[whatwg] Fwd: Discussing WebSRT and alternatives/improvements

Mon Aug 9 07:04:49 PDT 2010

On Sat, 07 Aug 2010 09:57:39 +0200, Silvia Pfeiffer  
<silviapfeiffer1 at gmail.com> wrote:

> Hi Philip,
>
> On Sat, Aug 7, 2010 at 1:50 AM, Philip Jägenstedt <philipj at opera.com>  
> wrote:
>
>> * there is a possibility to provide script that just affects the
>>> time-synchronized text resource
>>>
>>
>> I agree that some metadata would be useful, more on that below. I'm not
>> sure why we would want to run scripts inside the text document, though,  
>> when
>> that can be accomplished by using the TimedTrack API from the containing
>> page.
>
>
>
> Scripts inside a timed text document would only be useful for  
> applications
> that use the track not in conjunction with a Web page.

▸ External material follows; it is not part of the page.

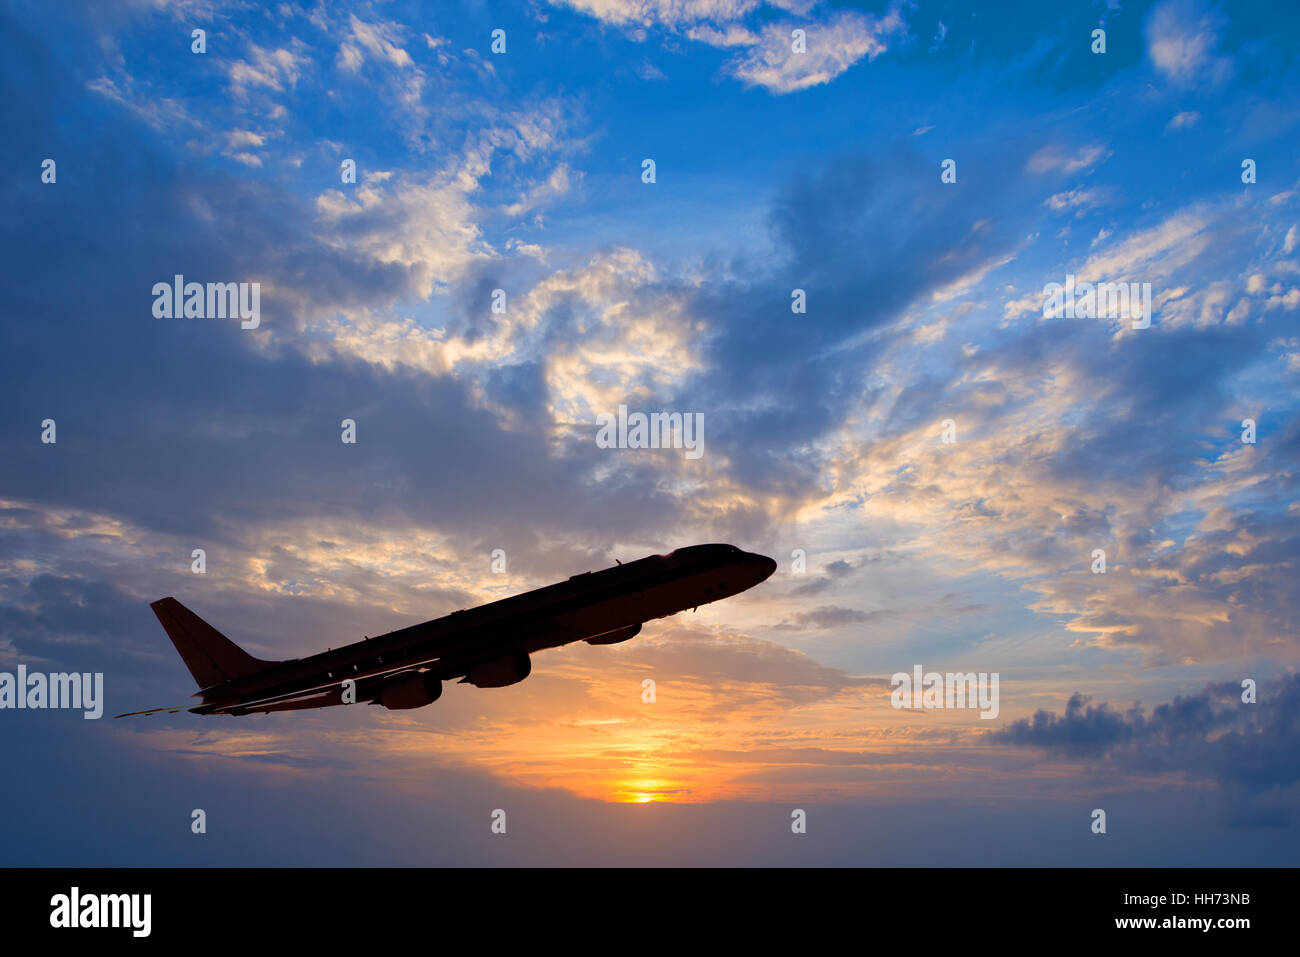 Silhouette von einem Flugzeug abheben, Sonnenuntergang Hintergrund Stockfoto

Do you mean that media players could include a JavaScript engine just for  
supporting scripts in WebSRT? Not to say that it can't happen, but it  
seems a bit unlikely.

>> 2. There is a natural mapping of WebSRT into in-band text tracks.
>>> Each cue naturally maps into a encoding page (just like a WMML cue  
>>> does,
>>> too). But in WebSRT, because the setup information is not brought in a
>>> hierarchical element surrounding all cues, it is easier to just chuck
>>> anything that comes before the first cue into an encoding header page.  
>>> For
>>> WMML, this problem can be solved, but it is less natural.
>>>
>>
>> I really like the idea of letting everything before the first timestamp  
>> in
>> WebSRT be interpreted as the header. I'd want to use it like this:
>>
>> # author: Fan Subber
>> # voices: <1> Boy
>> #         <2> Girl
>>
>> 01:23:45.678 --> 01:23:46.789
>> <1> Hello
>>
>> 01:23:48.910 --> 01:23:49.101
>> <2> Hello
>>
>> It's not critical that the format of the header be machine-readable,  
>> but we
>> could of course make up a key-value syntax, use JSON, or something else.
>
>
>
> I disagree. I think it's absolutely necessary that the format of the  
> header
> be machine-readable. Just like EXIF in images is machine readable or ID3  
> in
> MP3 is machine-readable. It would be counter-productive not to have it
> machine-readable, in particular useless to archiving and media management
> solutions.

OK, so maybe key-values?

Author: Fan Subber
Voice: <1> Boy
Voice: <2> Girl

01:23:45.678 --> 01:23:46.789
<1> Hello

This looks a bit like HTTP headers. (I'm not sure I'd actually want to  
allow multiple occurrences of the same key, in practice that seems to  
result in inconsistencies in how people mark up multiple authors.)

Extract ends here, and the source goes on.